Listed entries
+++
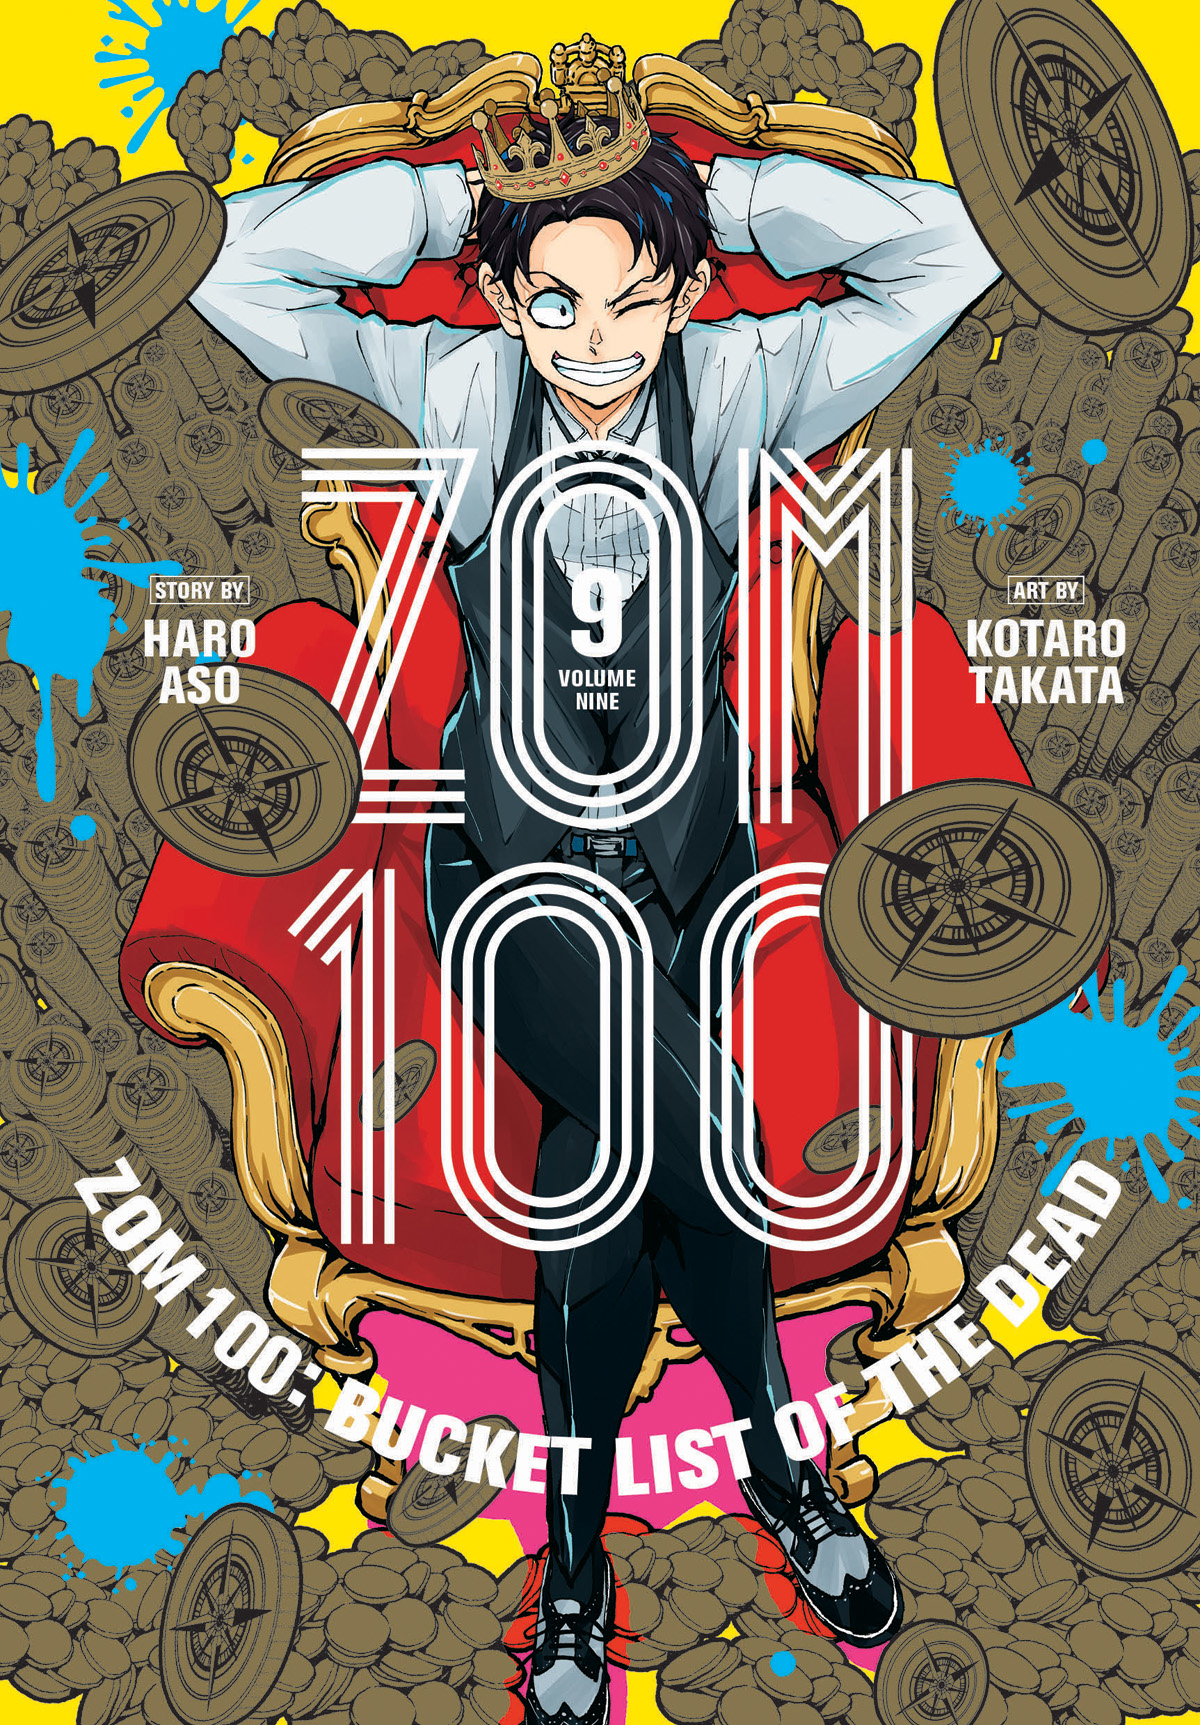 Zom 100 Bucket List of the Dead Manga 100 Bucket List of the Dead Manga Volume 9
+++
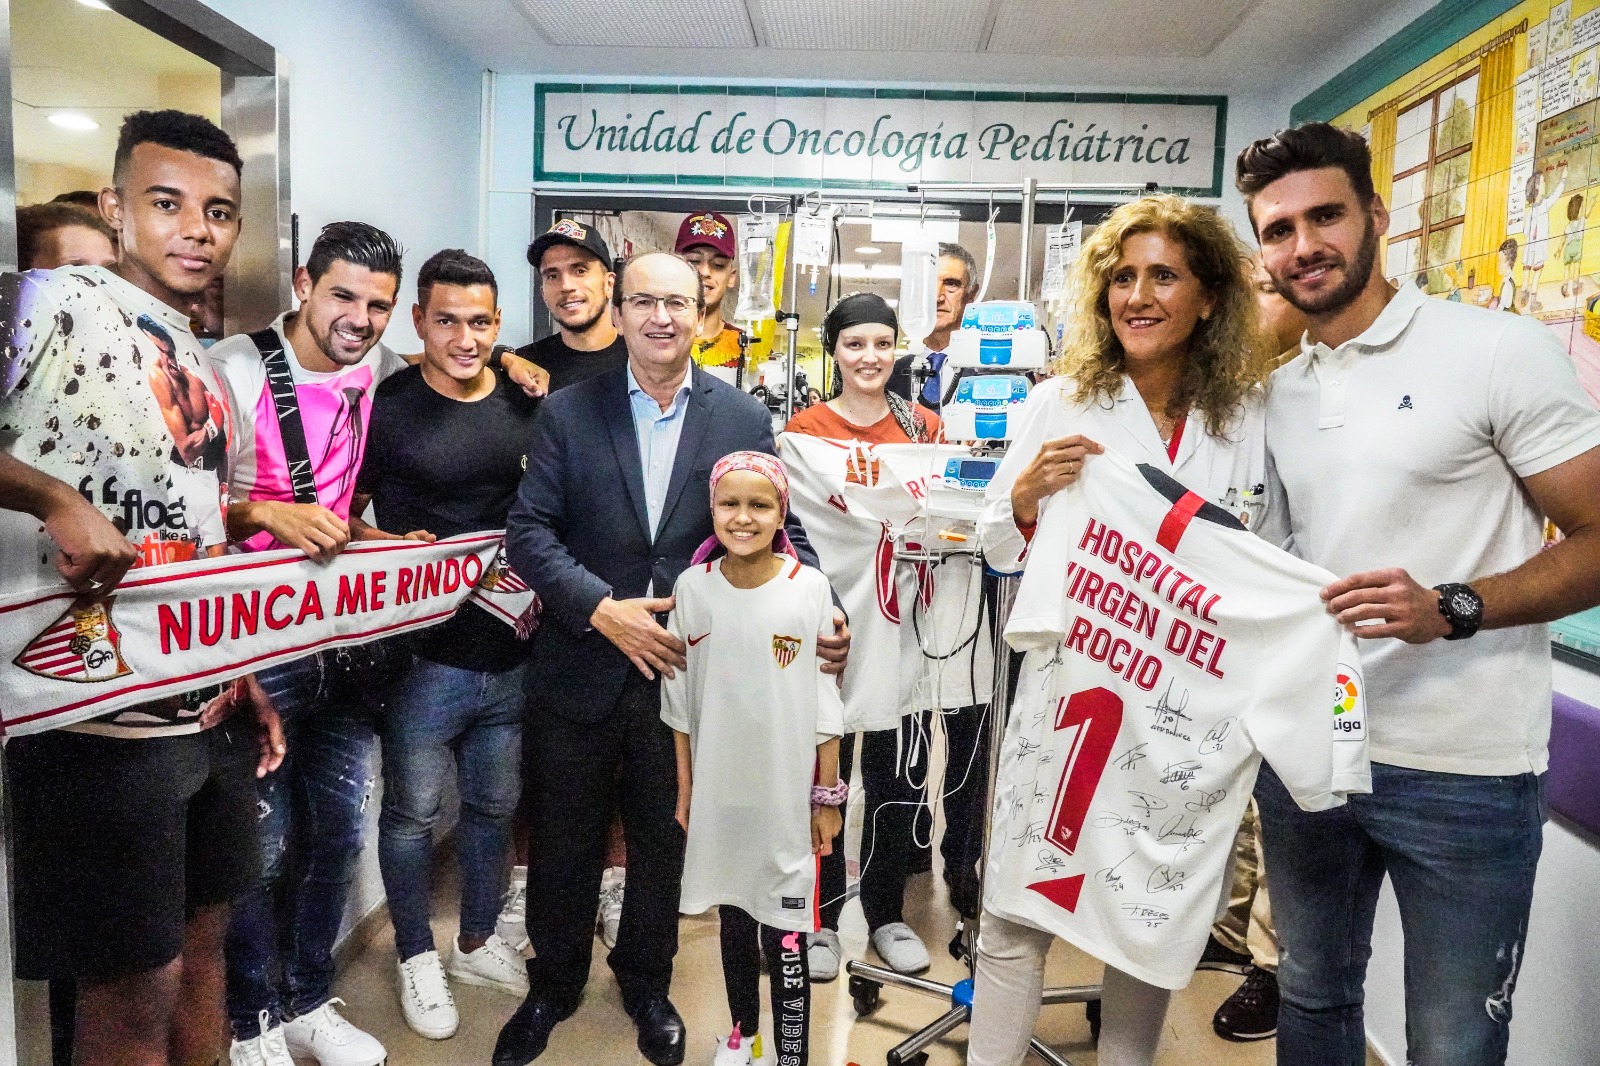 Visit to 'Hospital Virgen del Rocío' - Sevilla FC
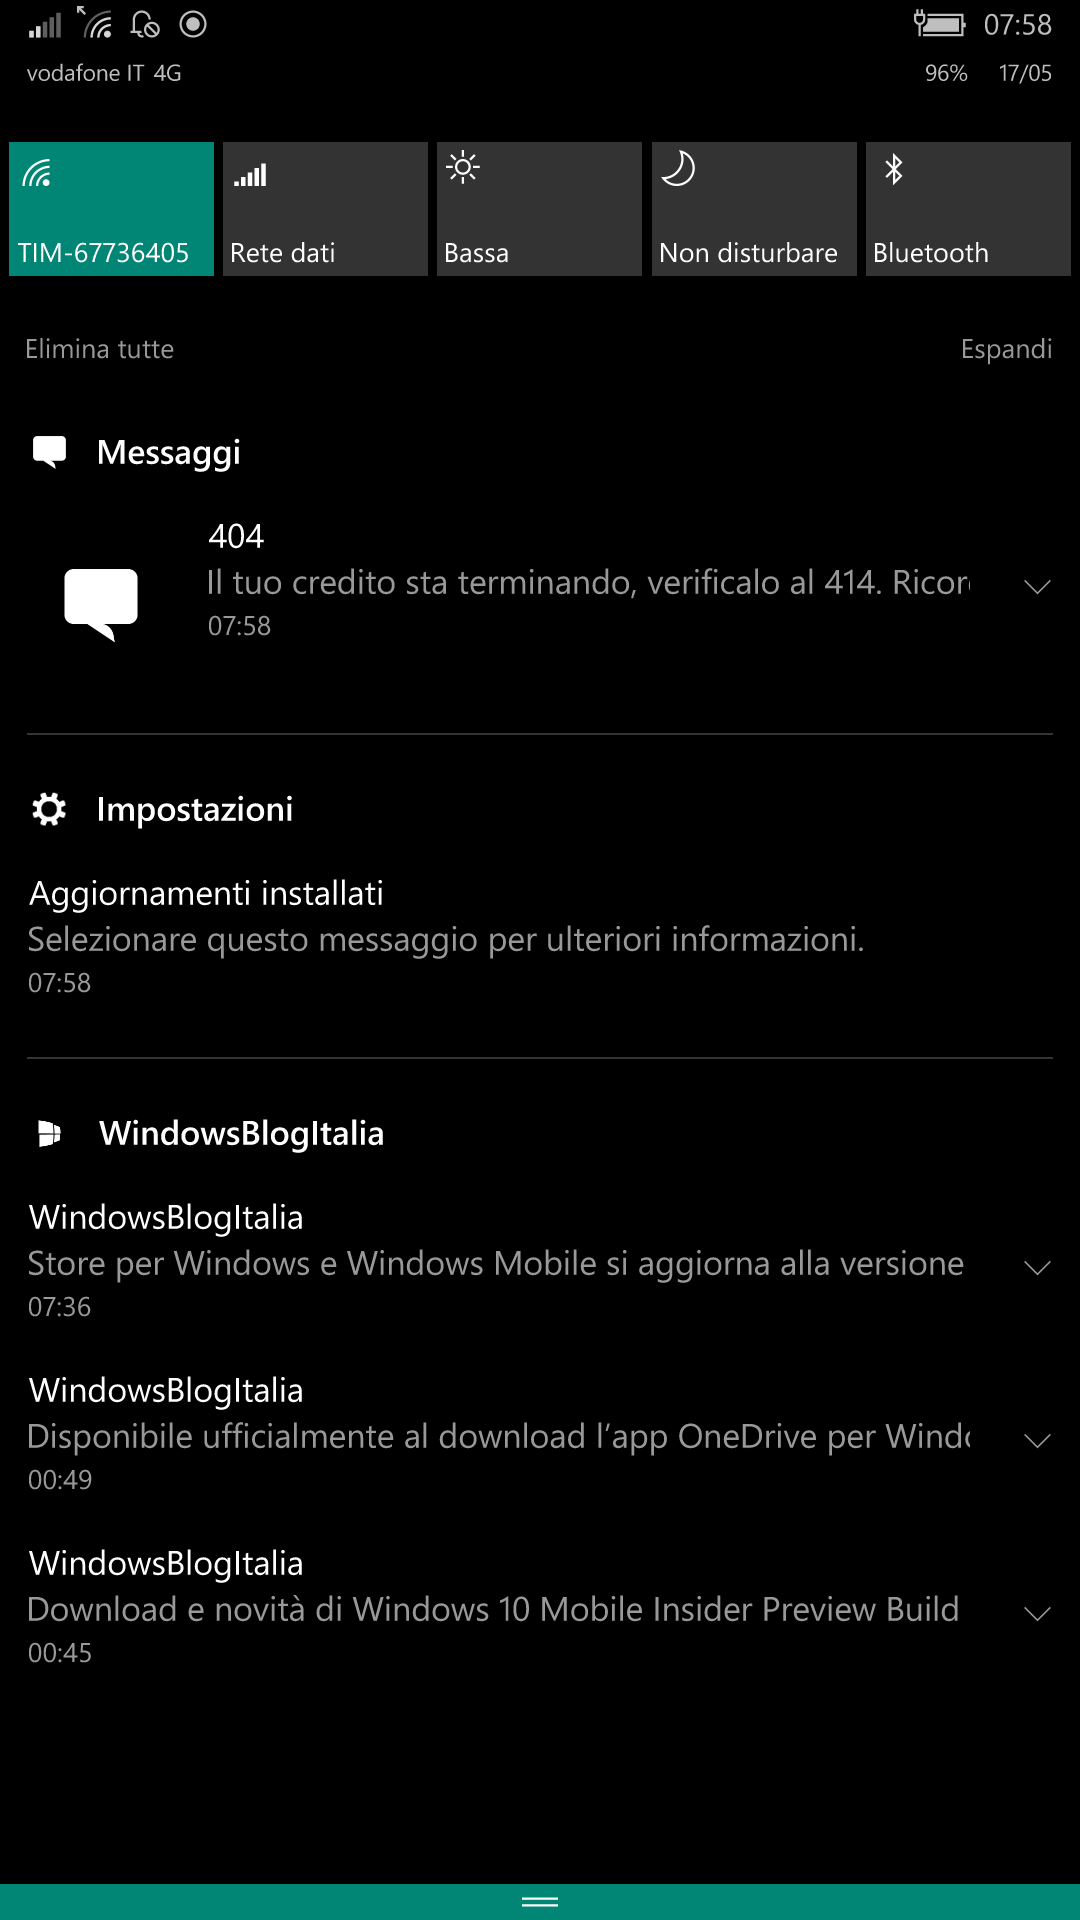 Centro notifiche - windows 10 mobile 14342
+++
Activity
Of the lines above, quote exactly those from the one with "Visit to 'Hospital" through the one with "Centro notifiche - windows 10 mobile 14342", ends included; pictures stay out.

Response
 Visit to 'Hospital Virgen del Rocío' - Sevilla FC
 Centro notifiche - windows 10 mobile 14342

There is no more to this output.